The evidence that a worse crisis lies ahead is on farmlands now: crops have failed. Farmers I’ve interviewed point to diseases and unfavourable rain pattern this year. What this means is that the prices of food items will remain high even during harvest periods. Already, the planting season is ending. The beans to be planted in the north by September may not receive enough rains because early cessation of rainfall is expected. Add to crop failure the invasion of farming communities by Boko Haram and you have a catastrophe of unimaginable proportion!
The federal and state governments should consider the threat of famine as an emergency. There is a limit to what people can endure. What did they say about a hungry man? A hungry man or woman is an angry man or woman as well as a mad man or woman. And the centre cannot hold anywhere the majority of the people are angry and mad.

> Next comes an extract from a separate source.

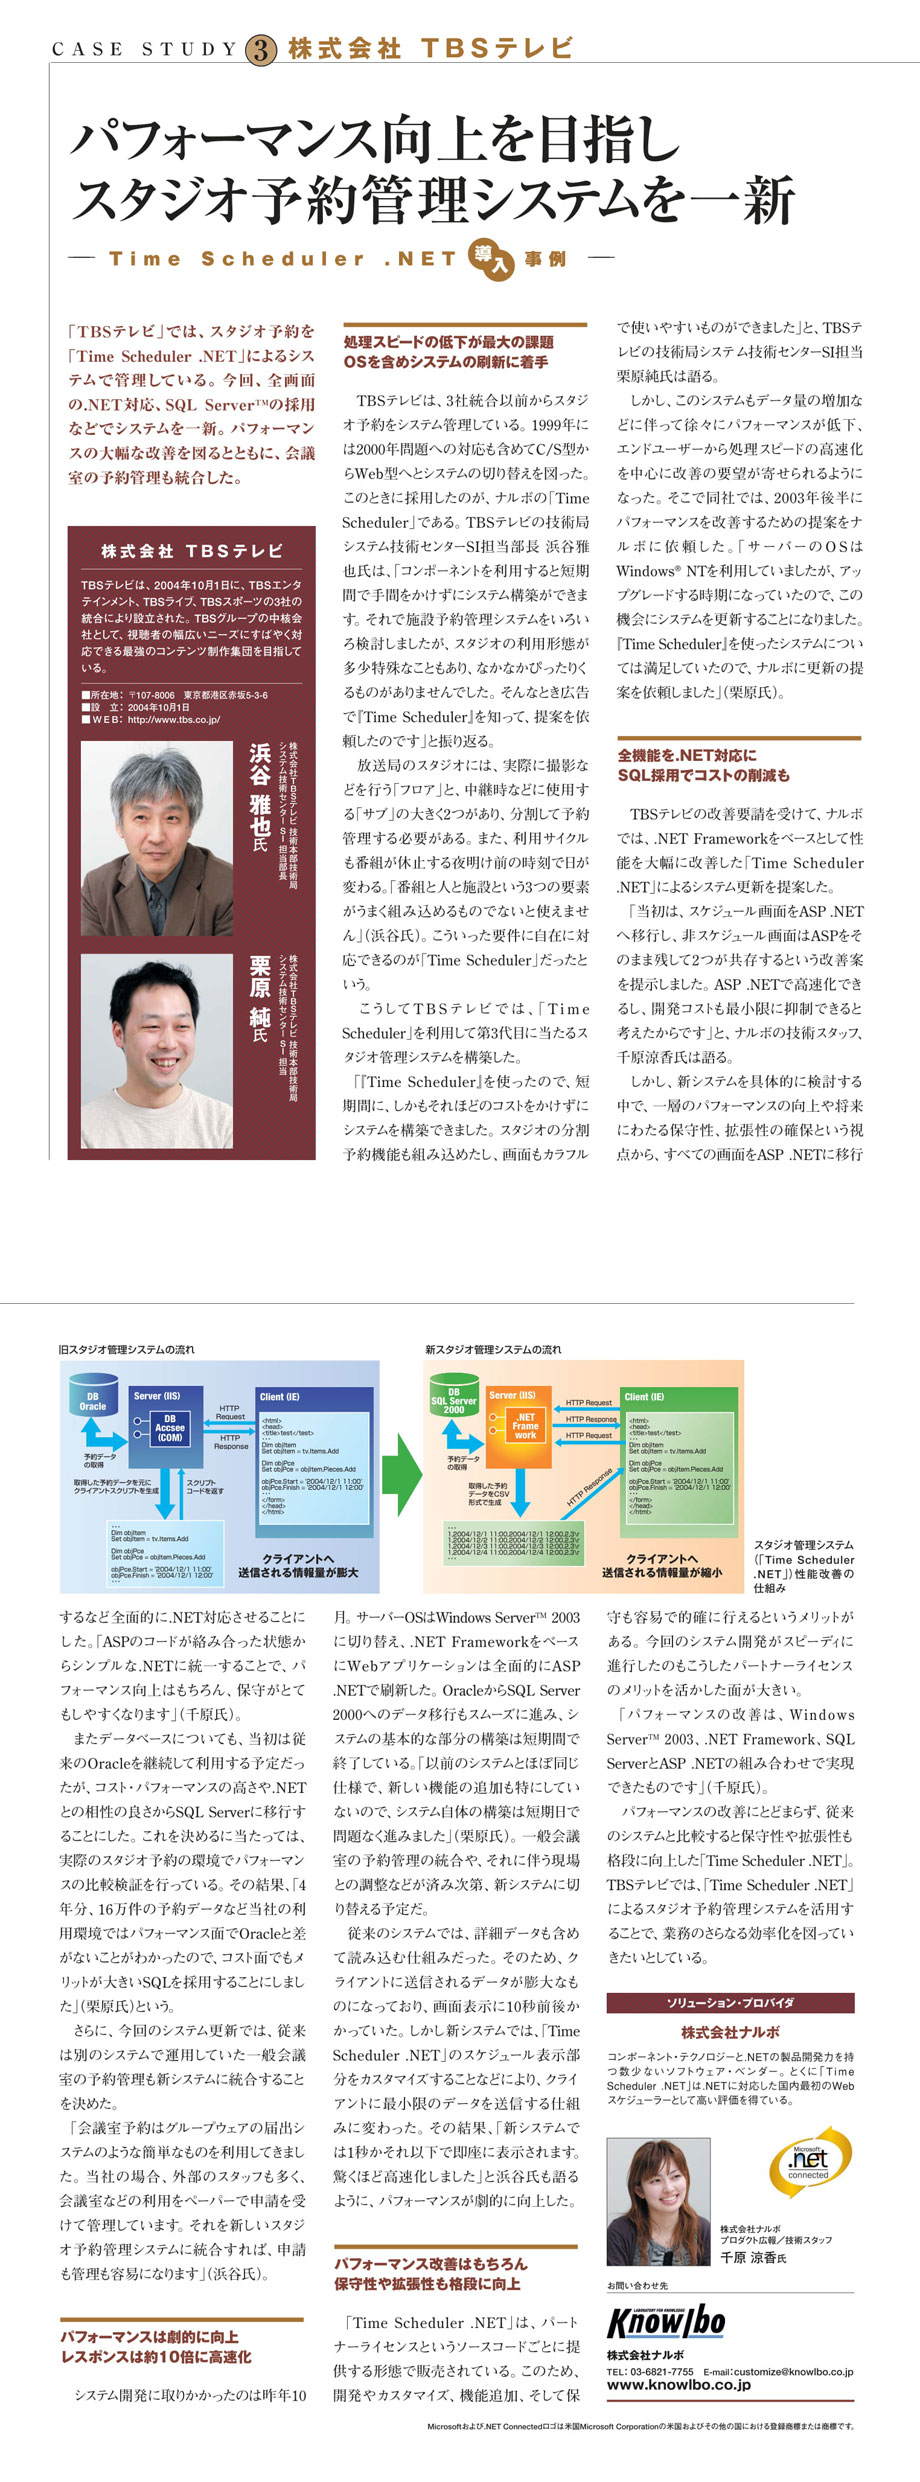 TimeScheduler.NET導入事例リーフレット「株式会社TBSテレビ」様

In a country of mad men and women, no policy would succeed.
A stomach revolution could be deadlier than all known revolutions. Snippets of storms in the Nigerian people’s stomachs could be seen in the changing faces of theft cases reported nowadays. A farmer has told me that, for the first time in several decades, his crops have been looted on the farms. In open compounds, women can no longer leave their boiling food on a stove and take their eyes off the pots. Or leave food in an unlocked cupboard. There have been reports of “thieves” scooping soup from a boiling pot. Cups of garri have gone missing from polythene bags. Now that the price of kerosene has tripled, we are likely to see many more city dwellers cooking with firewood. As a result, more houses may go up in flames.
There is no city in the world that is meant for the rich alone. The revolution building up in people’s stomachs is sure to consume some rich and some poor Nigerians. Under the cover of mob action, hungry people may loot shops. The TSA won’t be able to stop civil servants from stealing.
I wonder the kind of people that will be able to govern millions of starving people. Who will preach law and order? Or talk about corruption? Or ask people to vote for “saints” in an election? Everyone should pray — and work — against the envisaged revolution before it gets too late.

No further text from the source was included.